I constructed my marshmallow catapult mainly of wood with a rectangular base. It had two wooden pillars with springs connected to them. The springs then connected to a wooden arm that pivoted with the force of the spring. At the end of the wooden arm, there was a shaving cream cap that served as the resting spot for the marshmallow before being launched. A requirement for the project was that there had to be a mechanic for the catapult to be triggered; it could not be merely pulled back and released. I used a screw diver in between two o-rings above the arm board to set the marshmallow in motion. However, the distance depended upon how fast you released the screw diver and where you placed it across the board. This was another obstacle standing in between my marshmallow and the victorious bucket.
On my fourth try, my marshmallow want in the bucket and I then had to calculate its acceleration, force, and velocity from its distance and hang time. The picture below shows how they were calculated.

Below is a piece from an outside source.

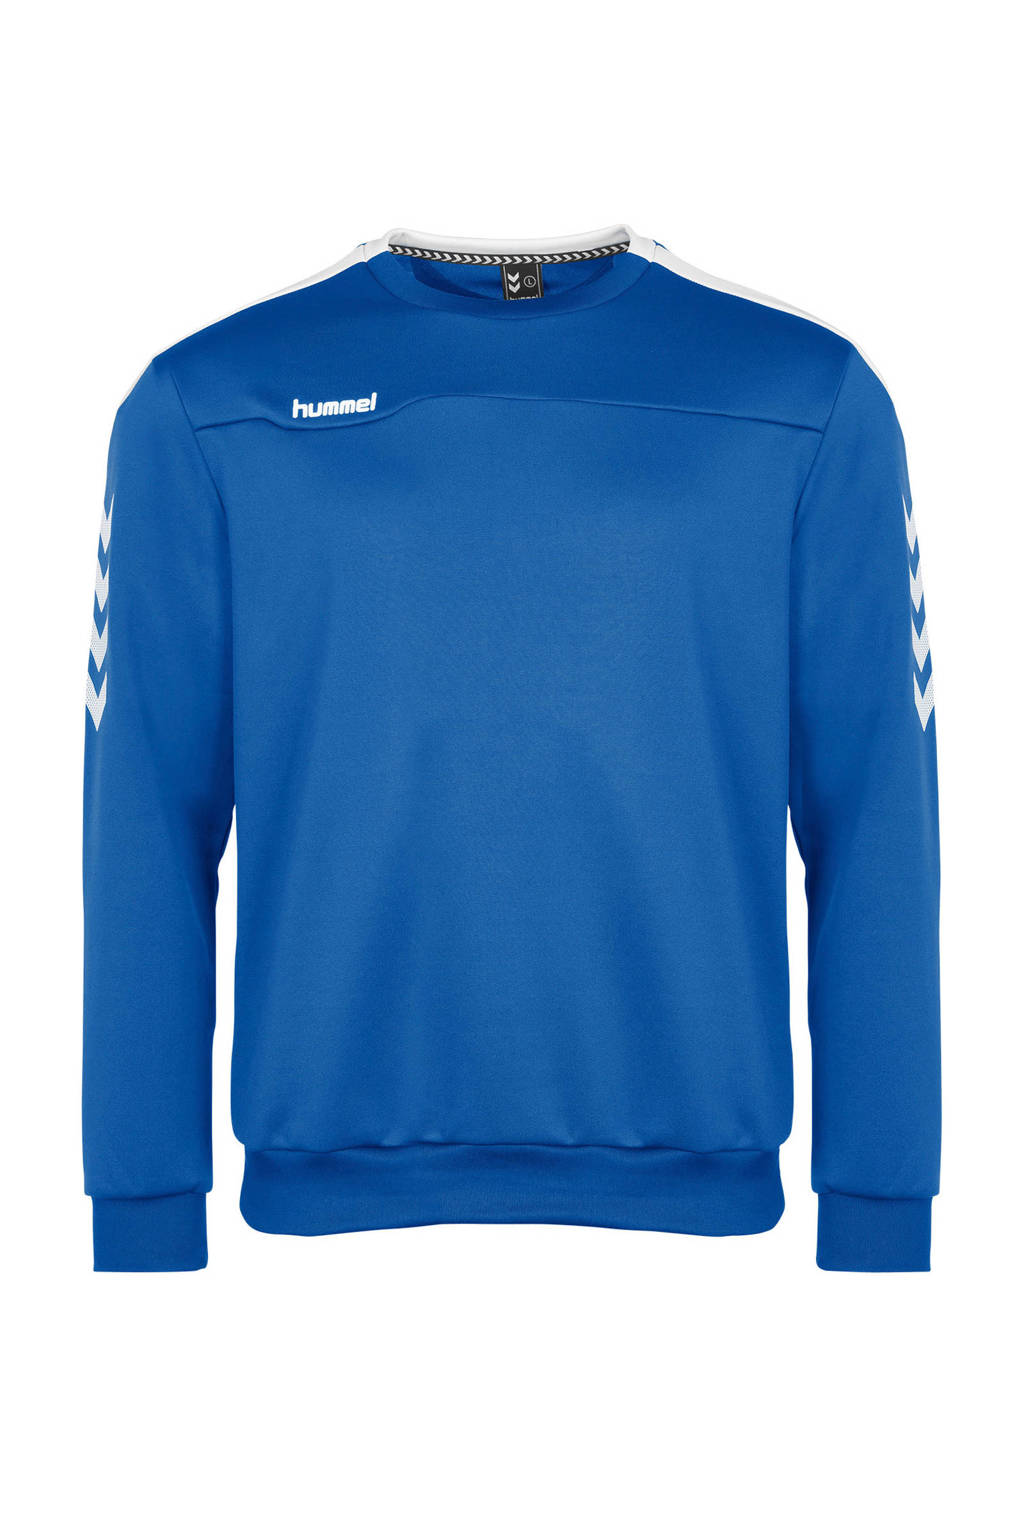 hummel   sportsweater blauw, Blauw/wit, Heren

We also began our new unit, gravitational motion, on Wednesday and worked with it again today (Friday). I discovered that satellites must be launched with a certain velocity in order for them to orbit the earth and it stays up in motion due to both its inertia and the gravitational pull acting upon it. Its inertia pulls the satellite outwards, but the Earth's gravitational force pulls it back it. The balance between the pull and the inertia keeps the satellite orbiting in space.
More to learn with the new unit, but I'll get there! :)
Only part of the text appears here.